| The data |

▽

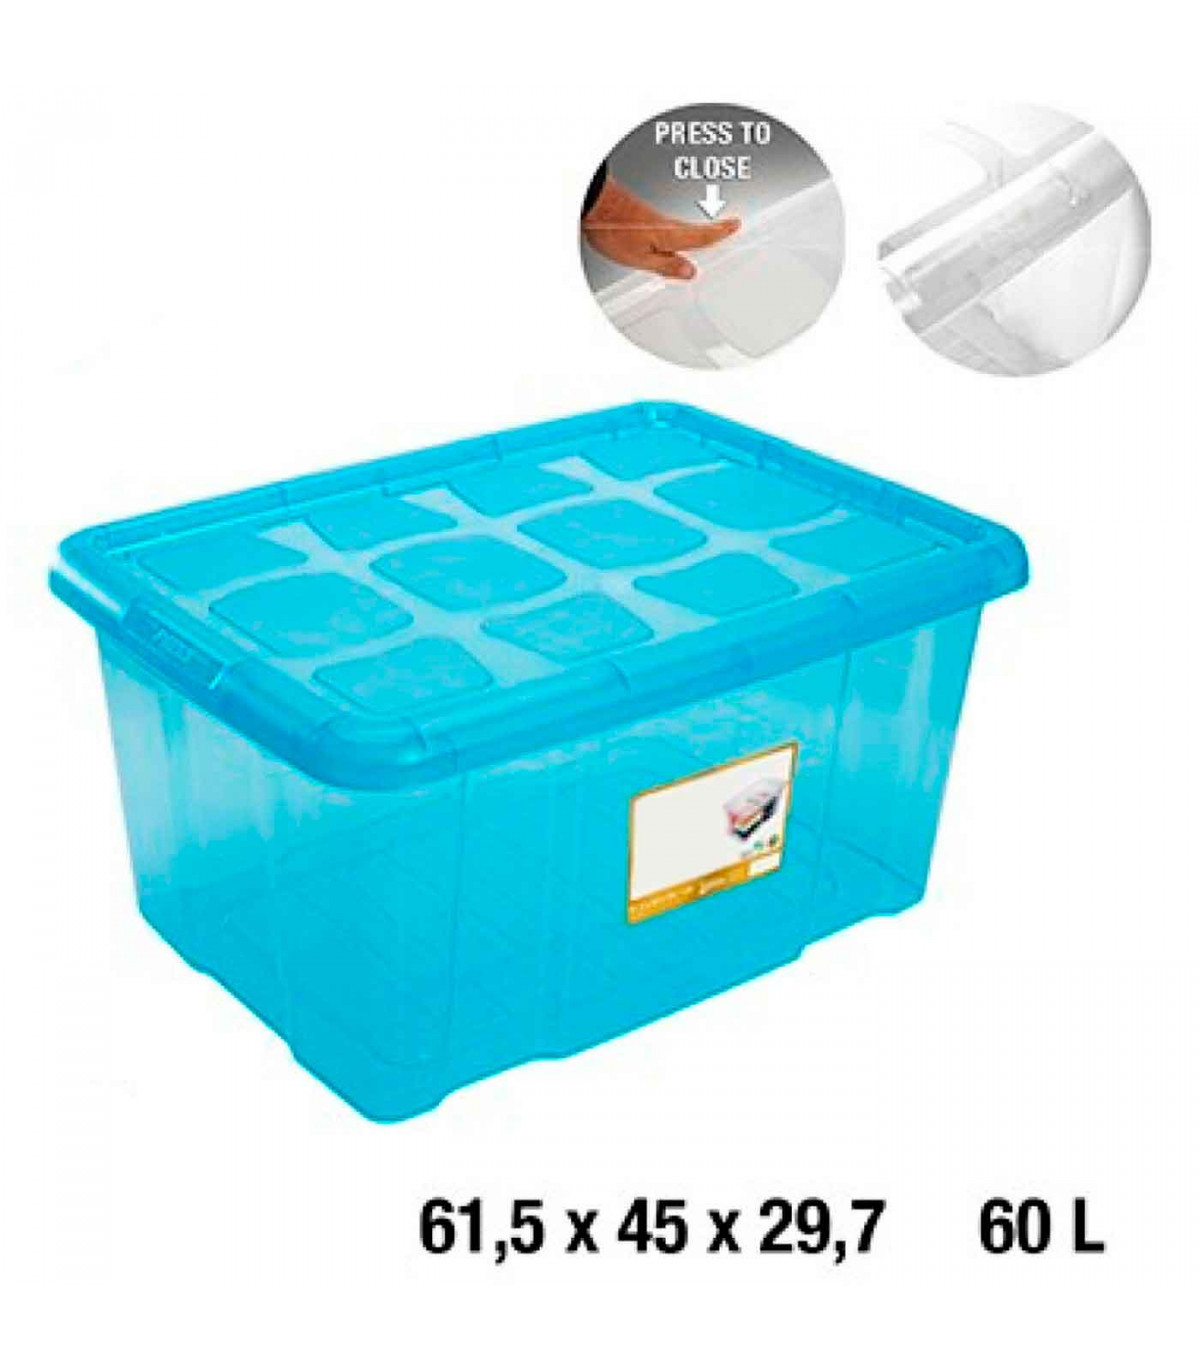 Caja almacenaje con tapa, plástico translúcido, cajón multiusos
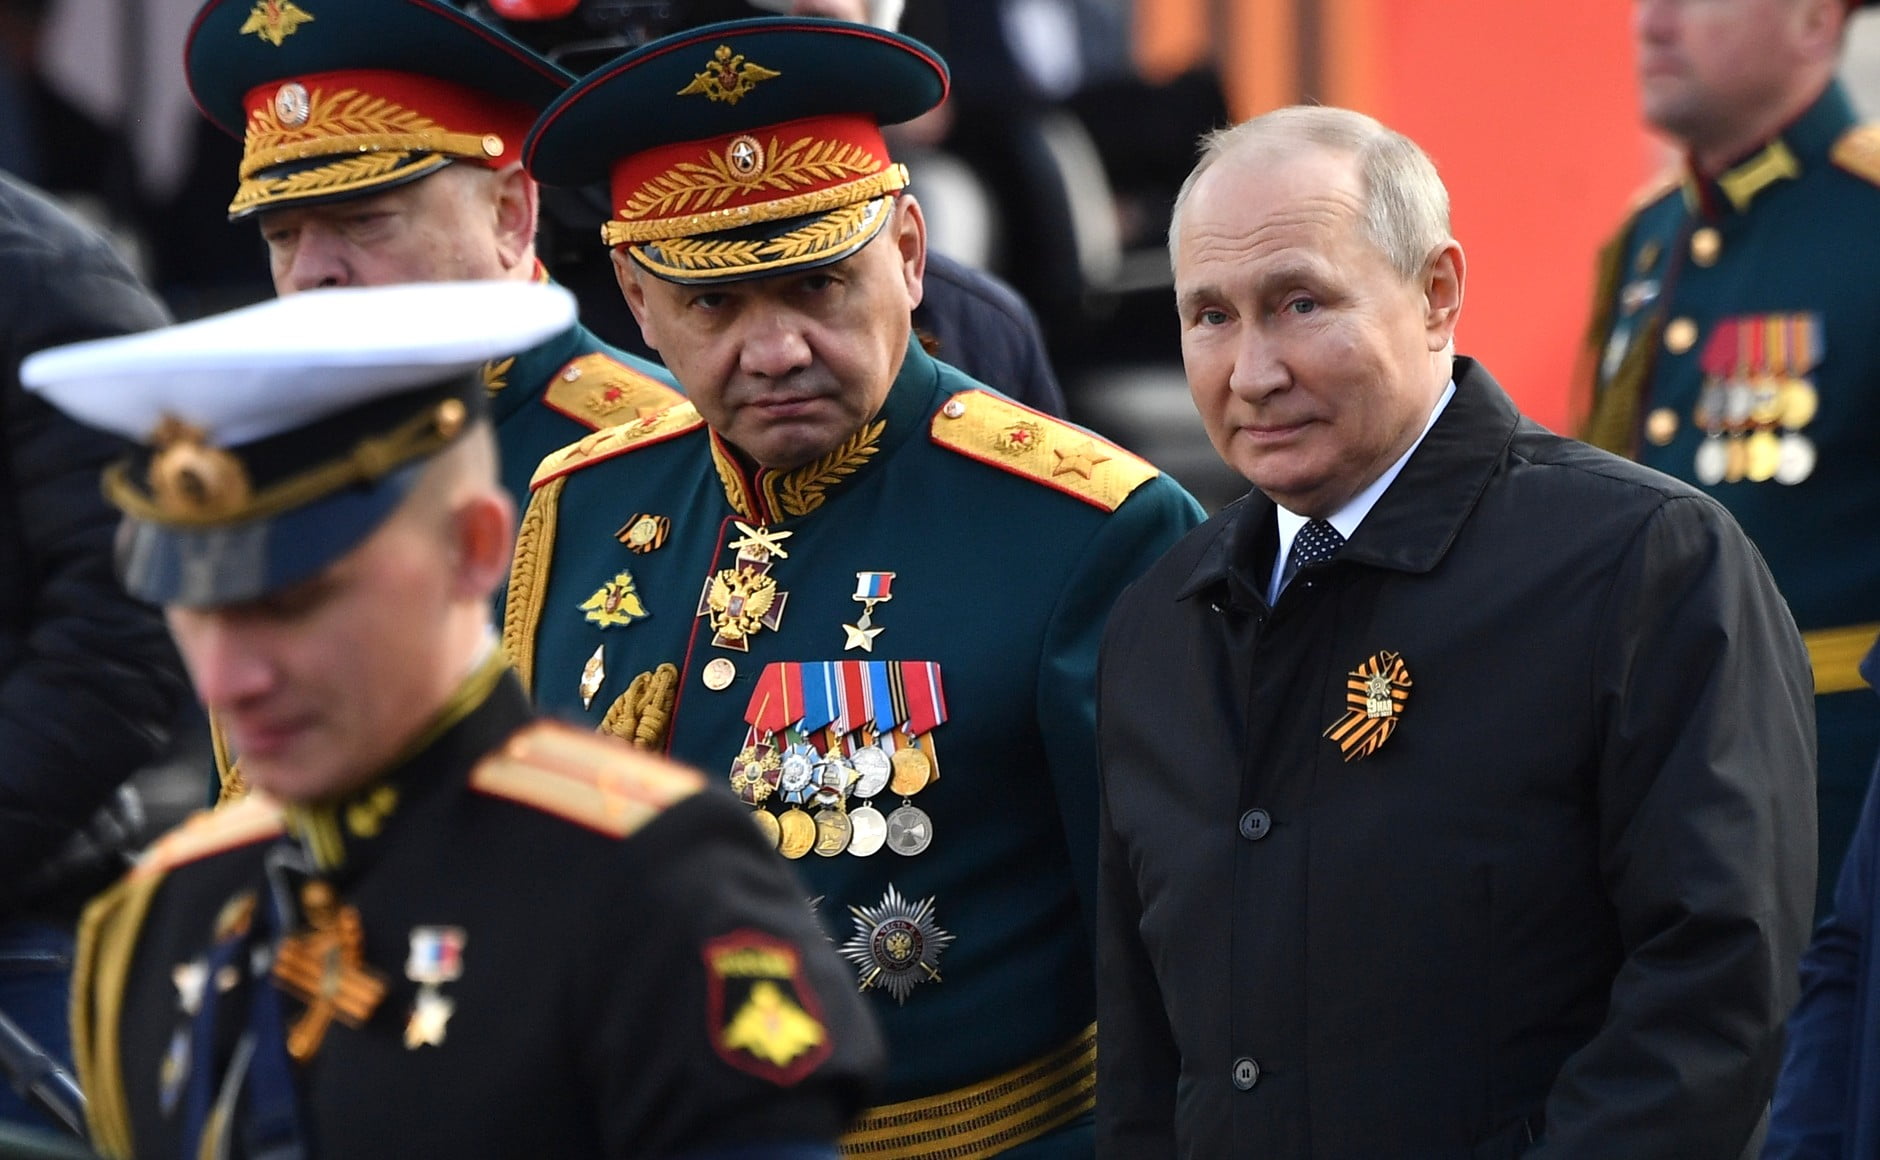 Armata sceleraților lui Putin: corupție, minciuni
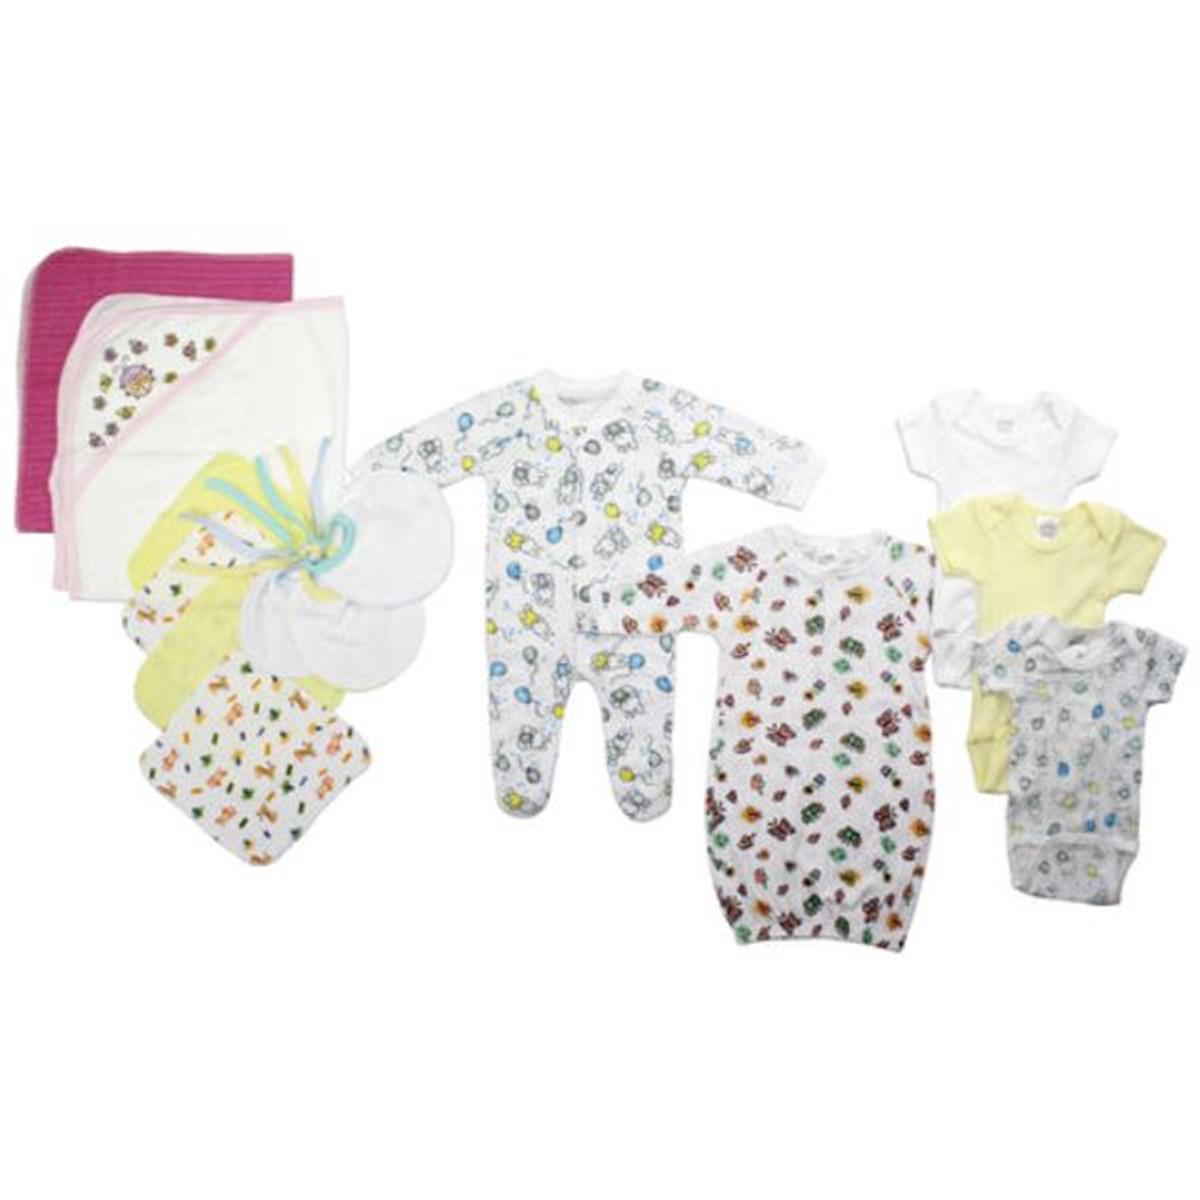 Bambini LS-0096 Newborn Baby Girls Layette Baby Shower Gift Set&#44; White & Pink - Newborn
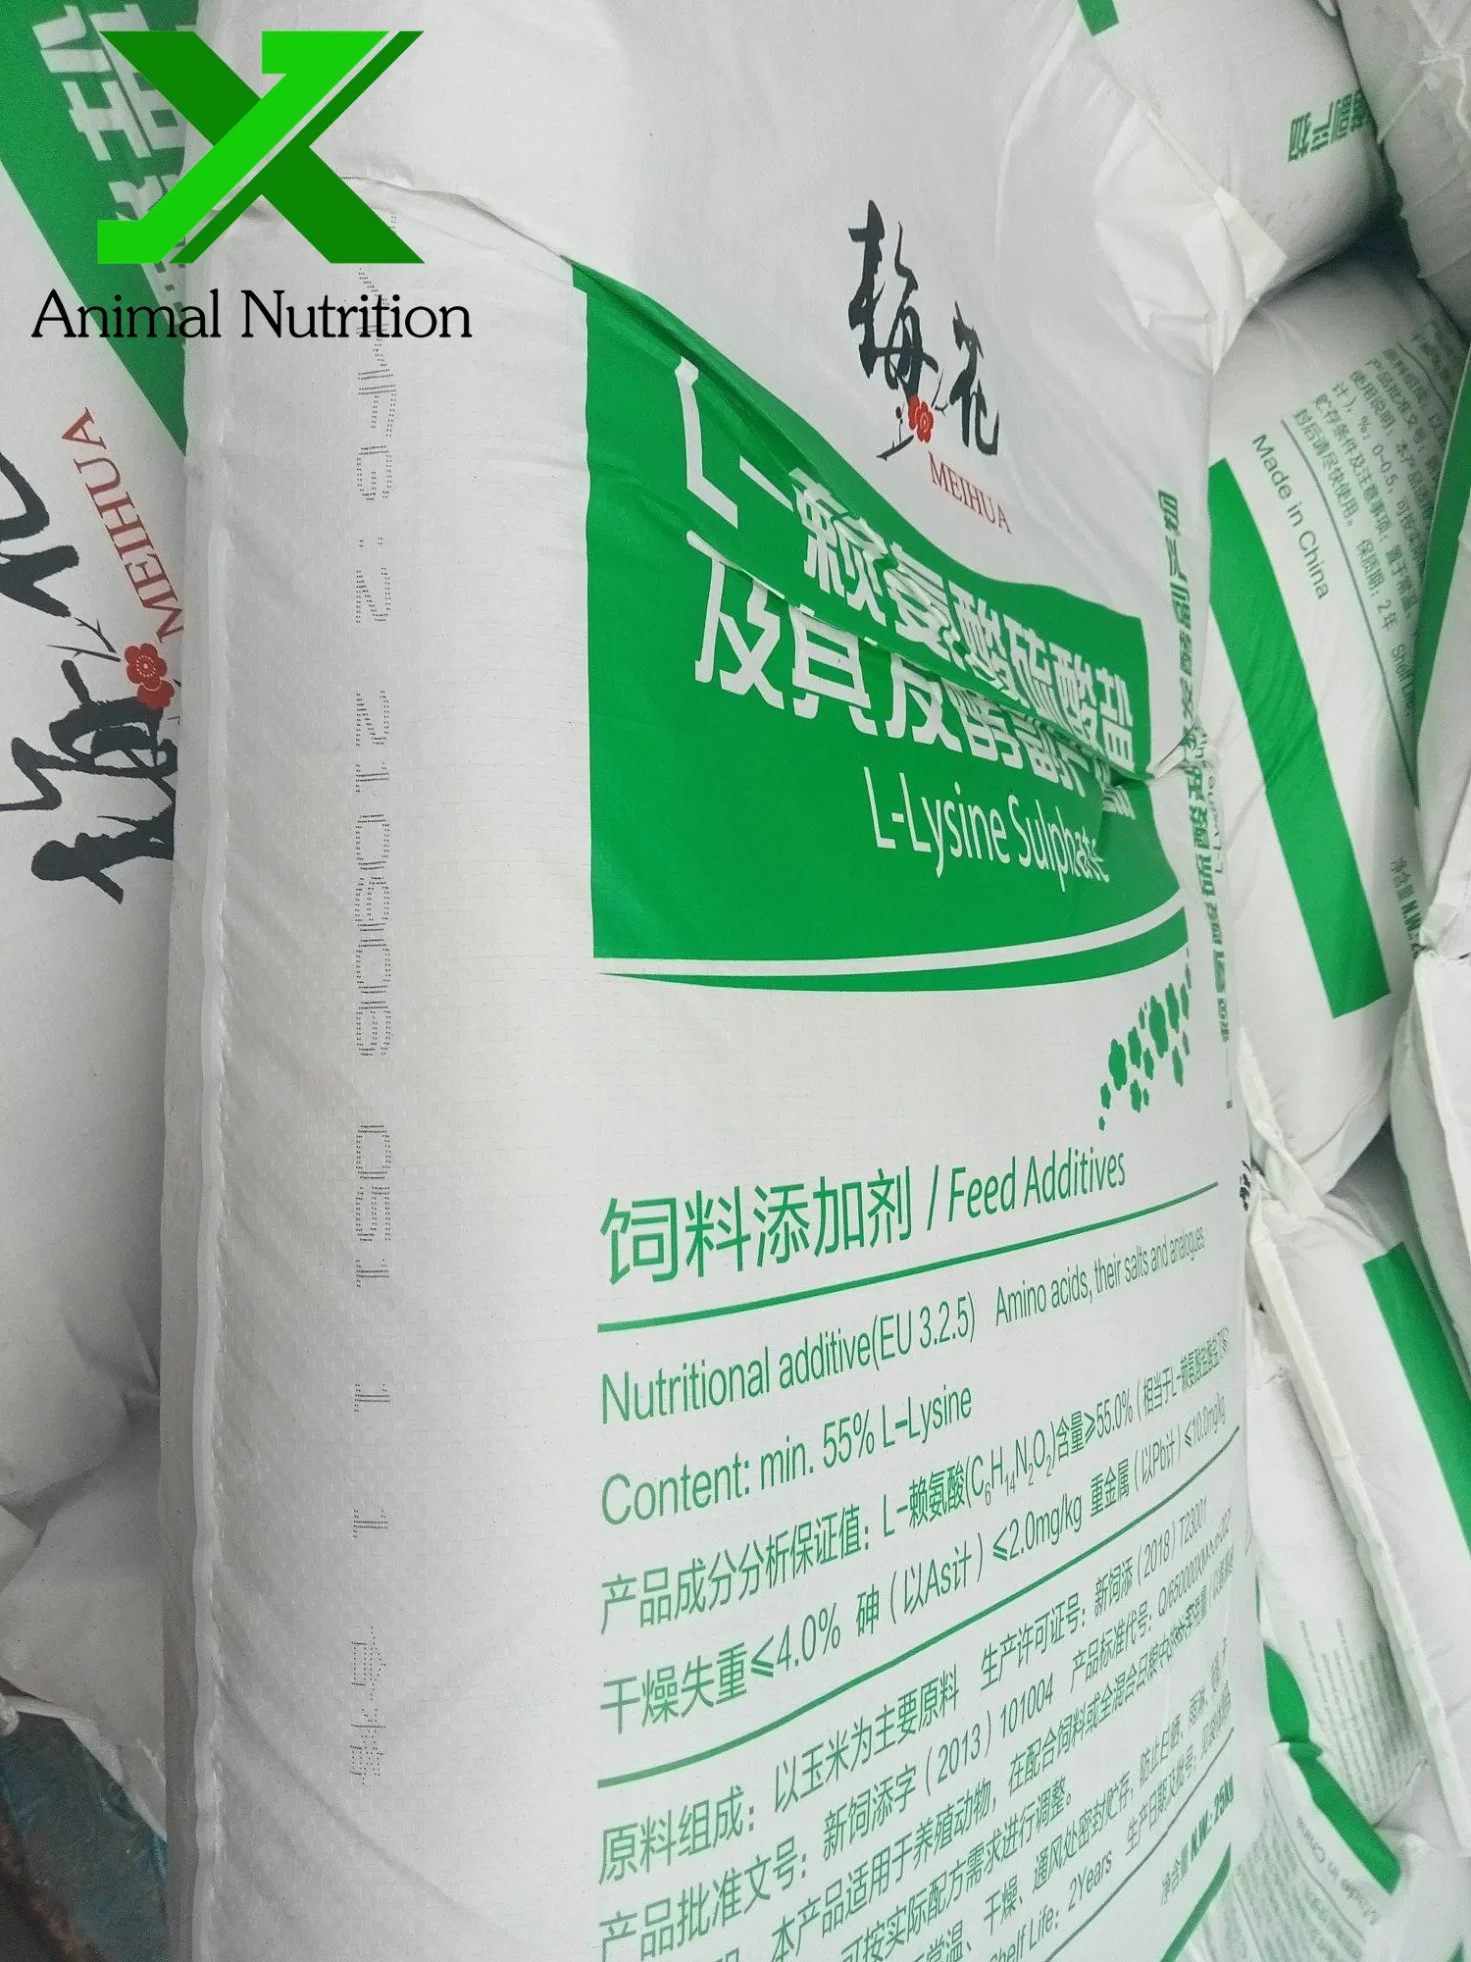 Торговая марка Meihua L лизина сульфат/сульфата 70% животных добавки для молочного скота зажигания

△

| Task goal |
Reproduce the listing exactly, but omit every picture in it.

| Your response |
 Caja almacenaje con tapa, plástico translúcido, cajón multiusos
 Armata sceleraților lui Putin: corupție, minciuni
 Bambini LS-0096 Newborn Baby Girls Layette Baby Shower Gift Set&#44; White & Pink - Newborn
 Торговая марка Meihua L лизина сульфат/сульфата 70% животных добавки для молочного скота зажигания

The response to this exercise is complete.